Ковригин начал с внешнего перевоплощения: он представлялся исключительно Алексом, сделал модную стрижку, наматывал на шею яркие шарфы, уделял особое внимание английскому и планировал заявиться в программу по обмену студентами. Причину превращения Алекса Ковригина в верного оруженосца Миши Асина знал только Миша. Переоценка ценностей. Рано или поздно это произойдет со всеми нормальными людьми. Сейчас пускай те, кто считает Мишу послушным маленьким мальчиком, увидят, кто у этого мальчика на побегушках…
– Ковригин, заходи ко мне на чай. Мои будут рады. – Мише самому понравилось, как властно и безапелляционно прозвучал его голос.
– Конечно, – ответил Алекс.
– Папку вон туда положи, – сказал Миша Ковригину, как только увидел в коридоре маму.
– Может быть, чайку? – предложила Софочка.
– Мам, не спрашивай. Конечно, чайку! – отрезал Миша.

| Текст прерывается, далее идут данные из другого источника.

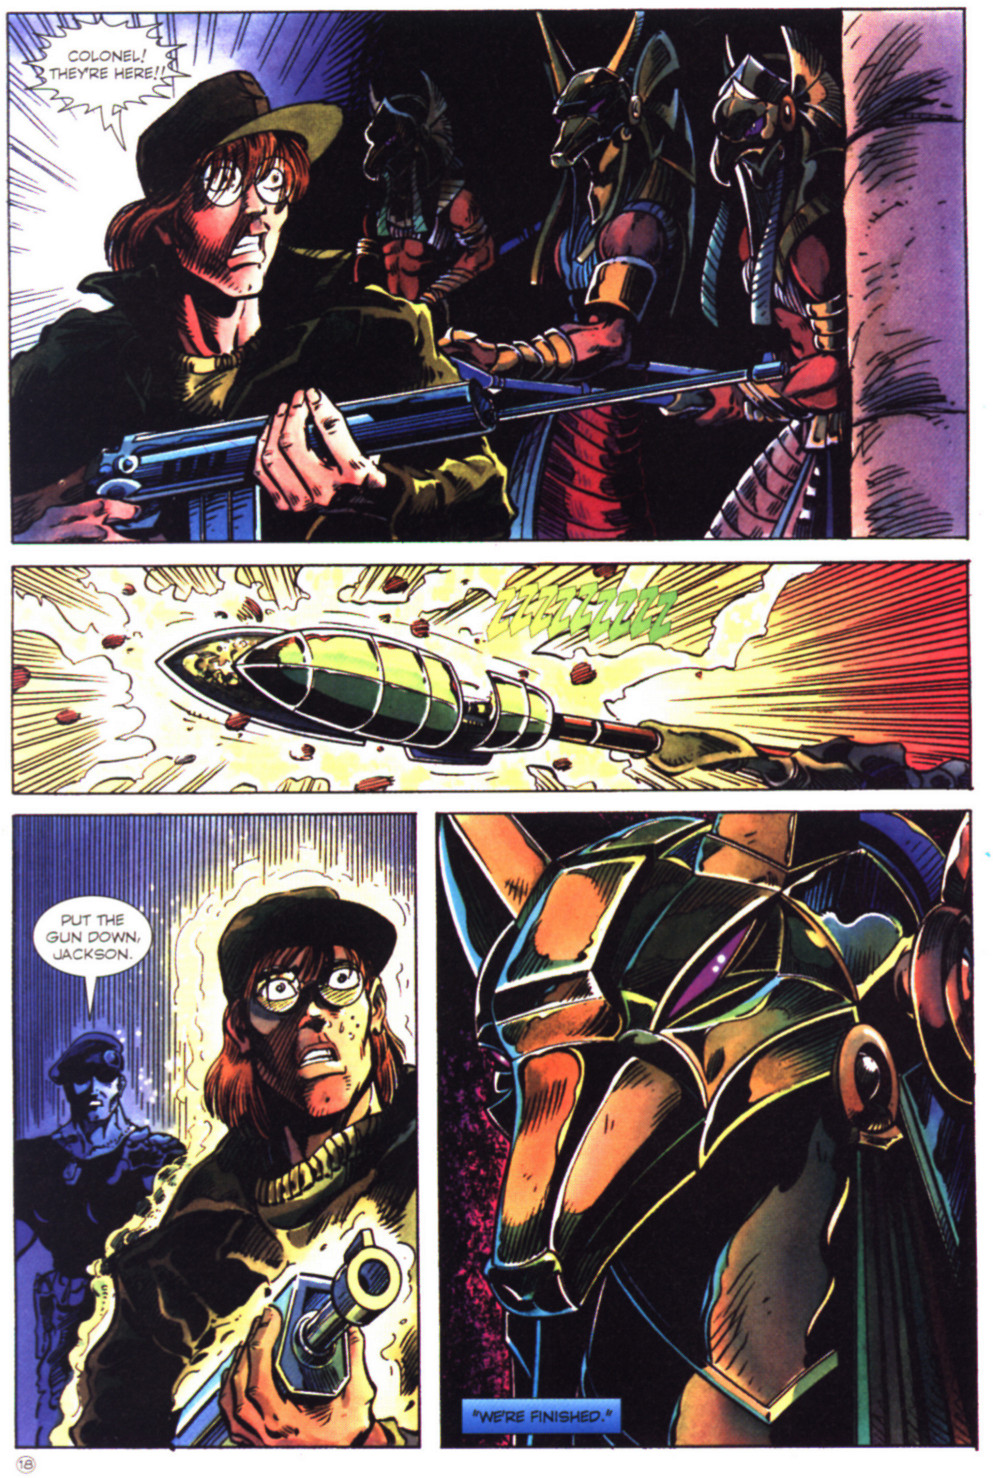 Read online Stargate comic -  Issue #2 - 20

Ковригин был немногословен и старался не привлекать к себе внимания. Он отлучился «помыть руки». На самом деле ему хотелось посмотреть, как живет Асин. Беглый осмотр Мишиной квартиры порадовал Ковригина. Судя по фотографиям, кружевным салфеточкам и витаминам, разложенным по дням и часам, Асин врос в свой дом и никуда отсюда не денется. Виктор посложнее будет… Загадочный тип. Вроде и приветливый, но холодный, отсутствующий. Какая-то скрытая сила в нем есть. Надо присмотреться, осторожно наблюдать и выжидать. А пока через Асина действовать. Зачем, интересно, Виктор приблизил такое ничтожество? Может, не так и умен…
Вернувшись за стол, Ковригин сделал пару глотков чая, не прикоснулся к угощению и засобирался домой.

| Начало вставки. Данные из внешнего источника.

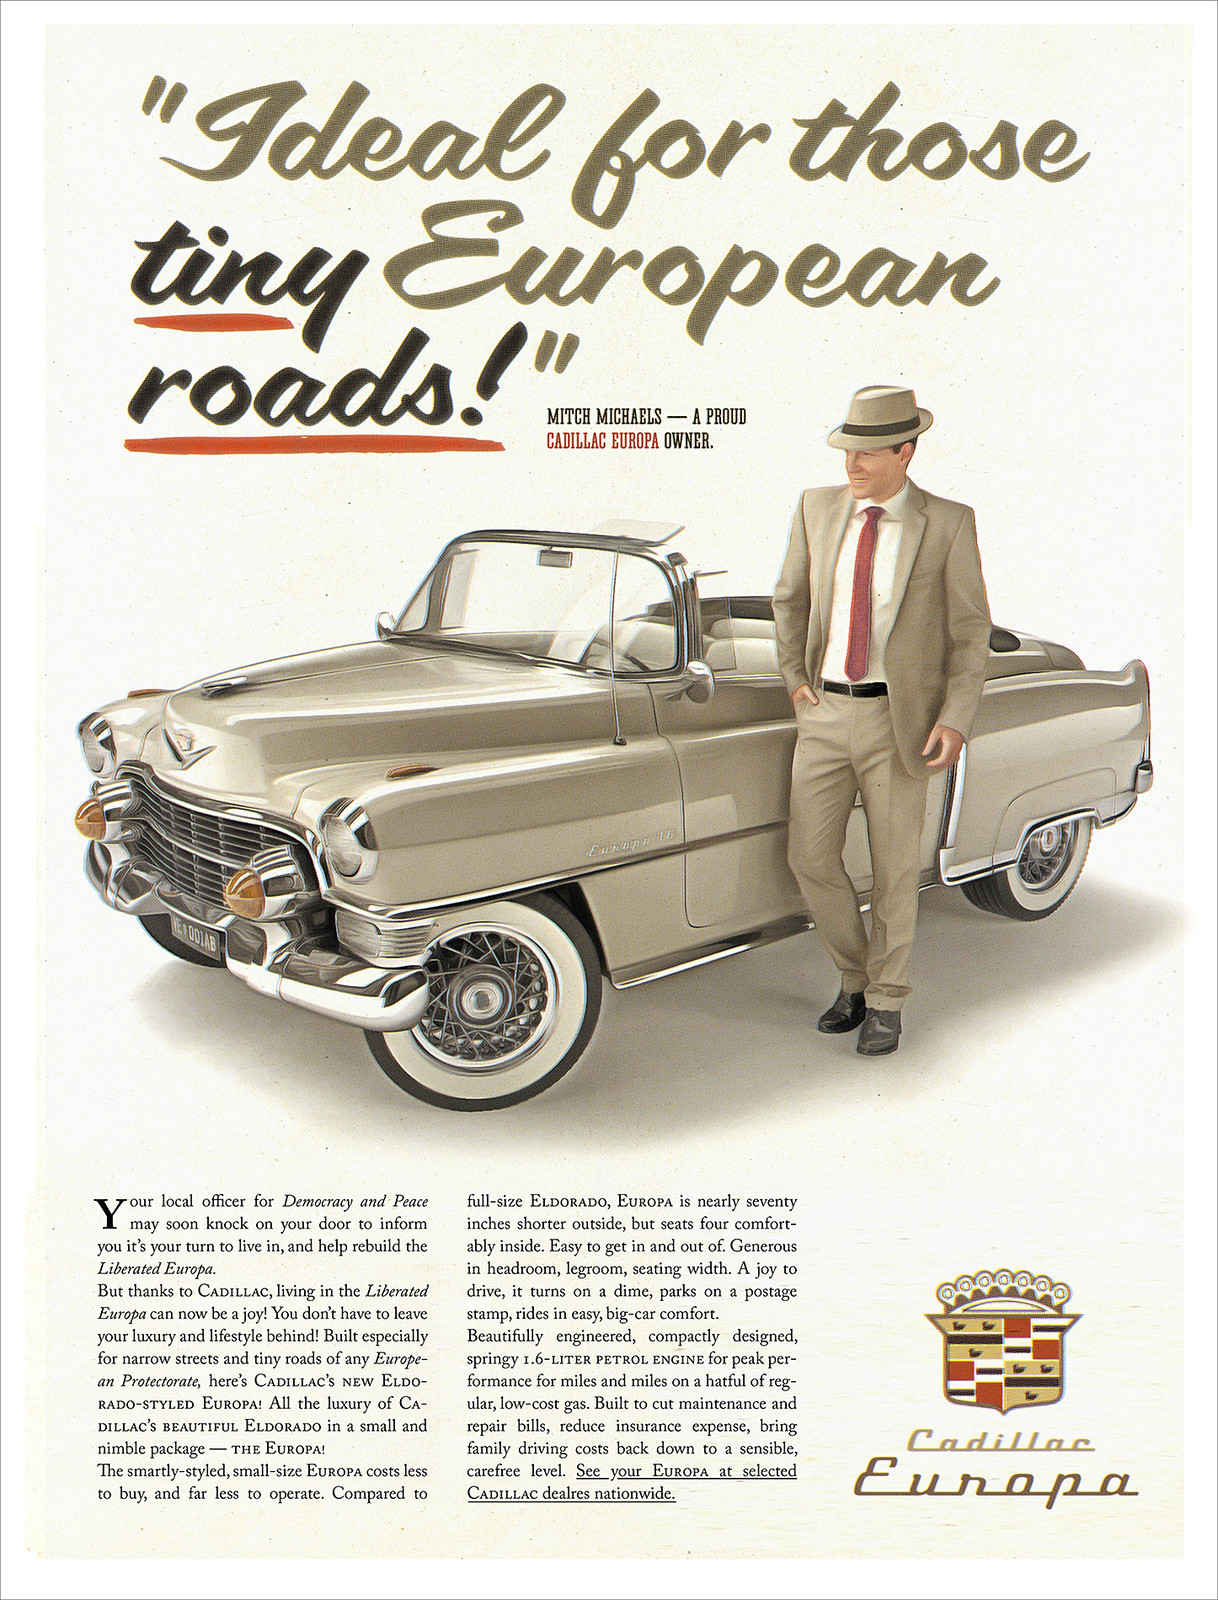 Cadillac Europa ad.

– Хорош парень, только слишком скромен, – резюмировала Софочка.
– Когда в глаза посмотрит, тогда и поймем, хорош или не хорош, – отчетливо произнесла Лаура.
– Не бойся, тетушка, тебя точно не испепелит, это непростая задача, – ответил Миша с плохо скрываемым раздражением и ушел к себе.
Пустые бесполезные разговоры! Неужели они и правда ничего не замечают? Мише захотелось слить пары. Виктору он не дозвонился, но Агата точно будет рада его приходу.
Вернувшись домой глубокой ночью, Миша собирался тихонько прокрасться в свою комнату. Но в гостиной сидела Лаура, обложившись альбомами с фотографиями. Она с улыбкой рассматривала семейные фотки.